# New to DCC, have some questions



## jonyb (Mar 20, 2011)

I picked up a matching Intermountain Railway F7A and F7B, both DCC with sound. I'm using a Dynamis for controls. 

The F7A has no sound, but I can get the running light on the front to work. Can't get the headlight to work though. In the manual, that's listed as function 0, but I don't have an 0.

The f7B has sounds, but no lights.

Both of those were tested by themselves, and together, with the default 3 address.

I tried finding a manual online like I have, but couldnt find one...

Do I need to change addresses? What am I doing wrong? This is my first DCC set, so I'm still new to all this stuff.

Thanks in advance.


----------



## Zeus-cat (Feb 5, 2011)

The Bachmann Dynamis has a headlight control button in the lower left corner next to the shift button (upwards pointing arrow). 

The standard Bachmann DCC controler requires that you have the locomotive you want to contol active. Then you push the function button (yellow button), then #10 to turn the light on and off. Push the yellow button again to return to the speed control for the locomotive.

I have the Bachmann HO standard Santa Fe A and B units (no sound). The A unit has a headlight, the B unit does not. 

Hope this helps.


----------



## Zeus-cat (Feb 5, 2011)

I found my copy of the Dynamis manual on a website in the UK. Just to let you know, the manual does a poor job of explaining how to set up DCC turnouts. For everything else it is OK.

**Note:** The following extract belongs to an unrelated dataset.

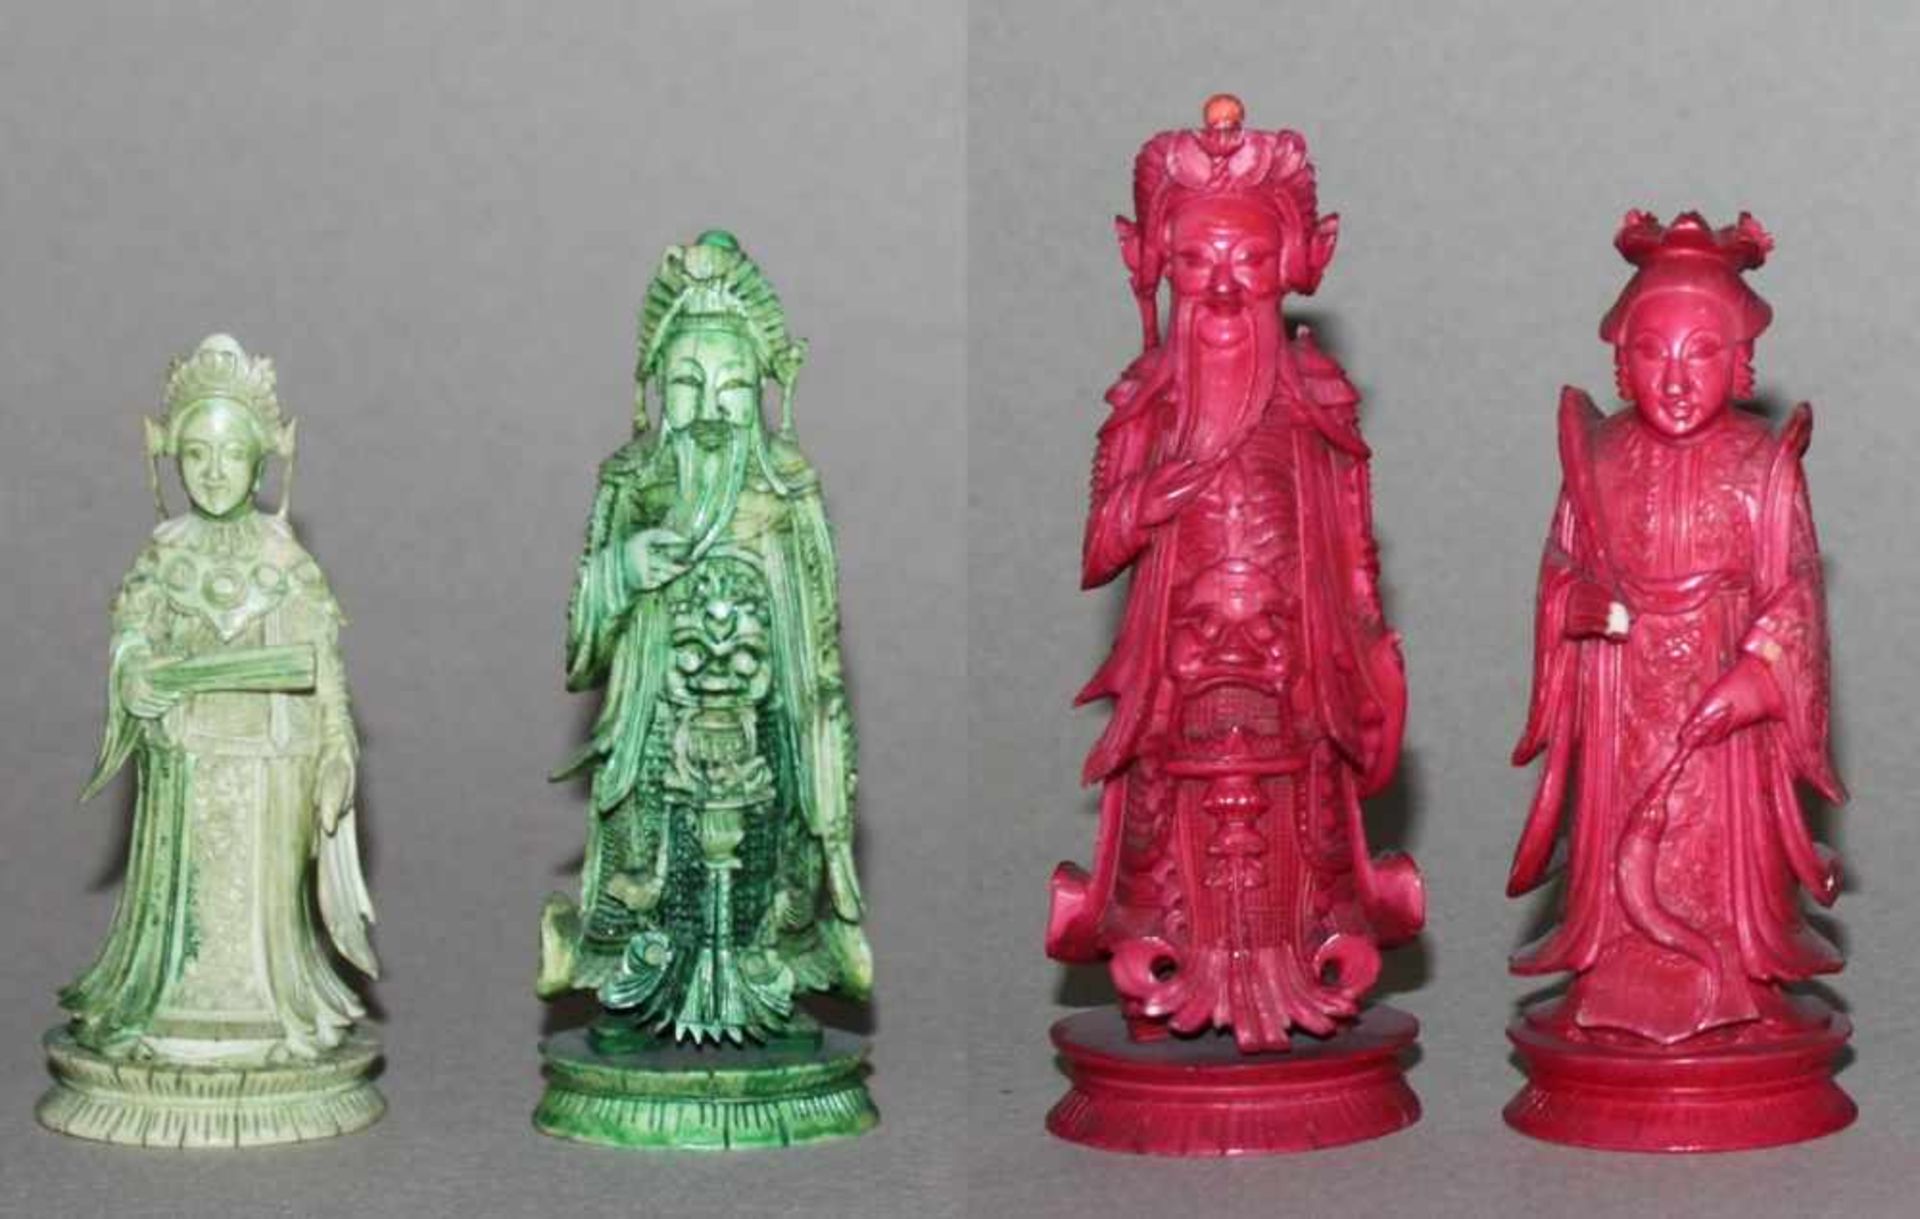 Asien. China. Elfenbeinschachfiguren.Die eine Partei in rot, die andere in grün. China, Produktion

http://www.bachmann.co.uk/pdfs/dynamis-user-guide.pdf


----------



## jonyb (Mar 20, 2011)

Zeus-cat said:


> The Bachmann Dynamis has a headlight control button in the lower left corner next to the shift button (upwards pointing arrow).
> 
> The standard Bachmann DCC controler requires that you have the locomotive you want to contol active. Then you push the function button (yellow button), then #10 to turn the light on and off. Push the yellow button again to return to the speed control for the locomotive.
> 
> ...





Zeus-cat said:


> I found my copy of the Dynamis manual on a website in the UK. Just to let you know, the manual does a poor job of explaining how to set up DCC turnouts. For everything else it is OK.
> 
> http://www.bachmann.co.uk/pdfs/dynamis-user-guide.pdf


Thanks for the info guys. I was kind of rushed when I started it all up and haven't been back to it, so I'll try that when I get a chance. Appreciate the help.


----------